Model of the H+/Cl transporter (ClcA) requirements along the gastrointestinal tract. Upon oral ingestion, V. cholerae passages through the stomach (acidic environment), and clcA is activated by AphB. ClcA is essential to detoxify the bacteria from chloride and acts as an electrical shunt to prevent the excessive membrane hyperpolarization. The expression of clcA decreases once V. cholerae passes to the lower gastrointestinal tract (alkaline environment), which is crucial to achieve full colonization fitness. Under alkaline conditions, activity of ClcA would exploit the proton motive force and disrupt energy metabolism.

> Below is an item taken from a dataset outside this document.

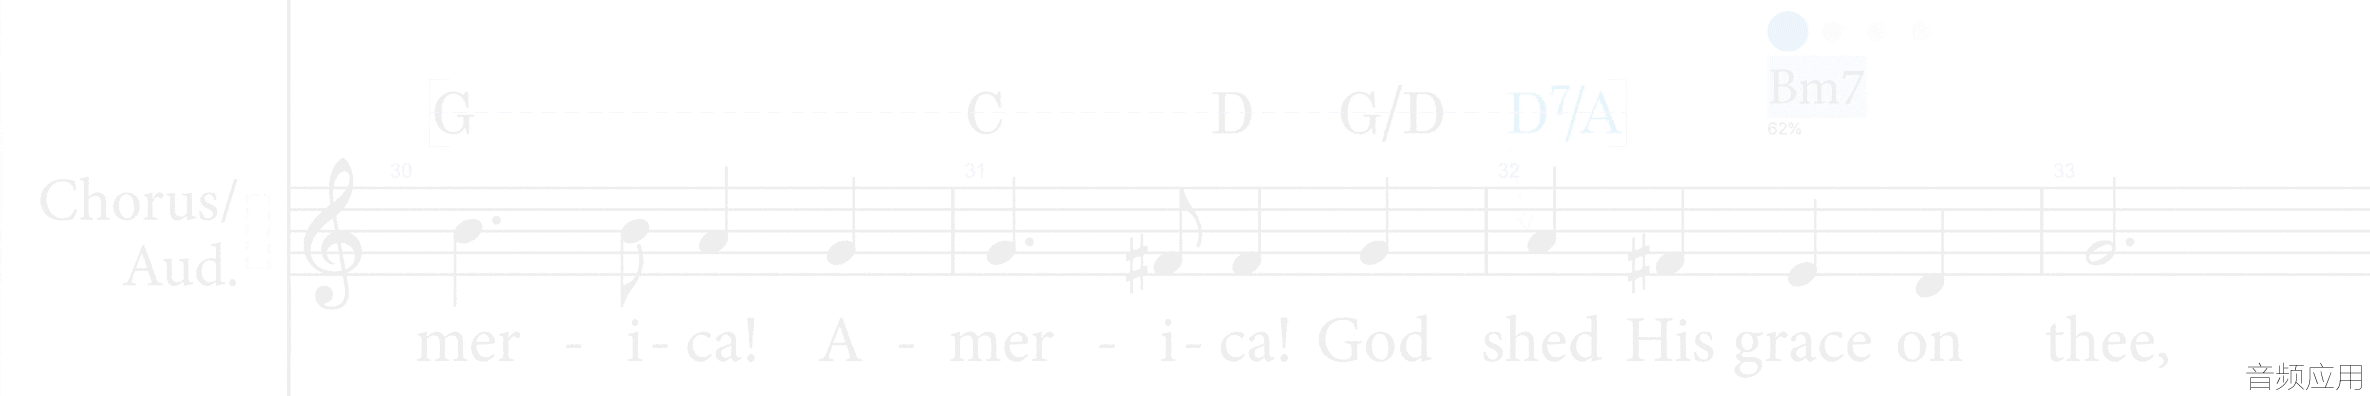 chord-symbols-2.gif
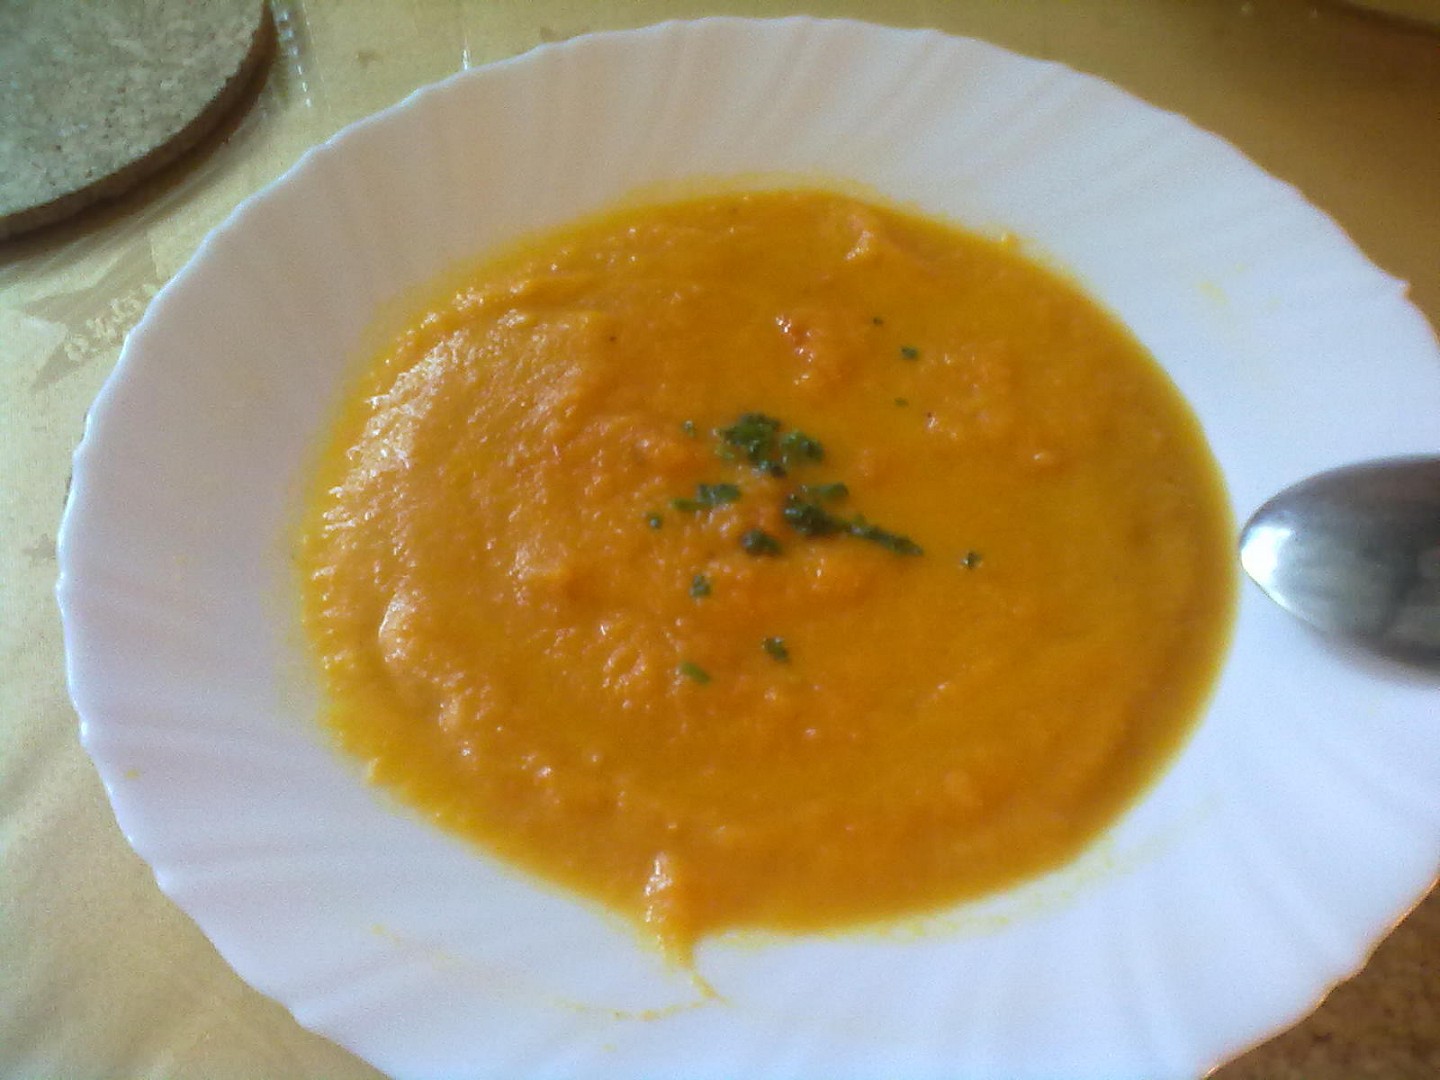 Krémová mrkvová polévka se zázvorem

The investigation of in vivo repressed genes identified by TRIVET adds a fundamental perspective to understanding bacterial transcriptional response upon host contact. The results of this study emphasize the impact of regulated silencing of genes by a bacterial pathogen during in vivo colonization. The importance of such conditional expression is exemplified by the spatial on–off state of clcA along the gastrointestinal tract to accommodate the changing needs of the pathogen within different niches, resulting in an overall in vivo fitness advantage. Interestingly, clcA expression is controlled by AphB, which is also involved in the initiation of the virulence cascade. This indicates that positive and negative regulation is necessary to define such complex networks like virulence gene regulation during host colonization. Although previously poorly investigated, our studies contribute to an understanding of gene silencing that will likely reveal new insights in host–pathogen interactions and physiology for a variety of pathogens during in vivo colonization.

Methods

Bacterial Strains and Growth Conditions.

Bacterial strains and plasmids used in this study are listed in Table S1. If not otherwise noted, the strains were cultured in Luria–Bertani (LB) broth at 15 × g with aeration at 37 °C. Supplements were used in the following final concentrations: streptomycin (Sm, 100 µg/mL), ampicillin (Ap, 100 µg/mL or 50 µg/mL in combination with other antibiotics), kanamycin (Km, 50 µg/mL), chloramphenicol (Cm, 2 µg/mL for V. cholerae; 10 µg/mL for E. coli), sucrose (10%), 5-bromo-4-chloro-3-indolyl-β-d-galactopyranoside (X-Gal, 40 µg/mL).

Construction of the TRIVET System.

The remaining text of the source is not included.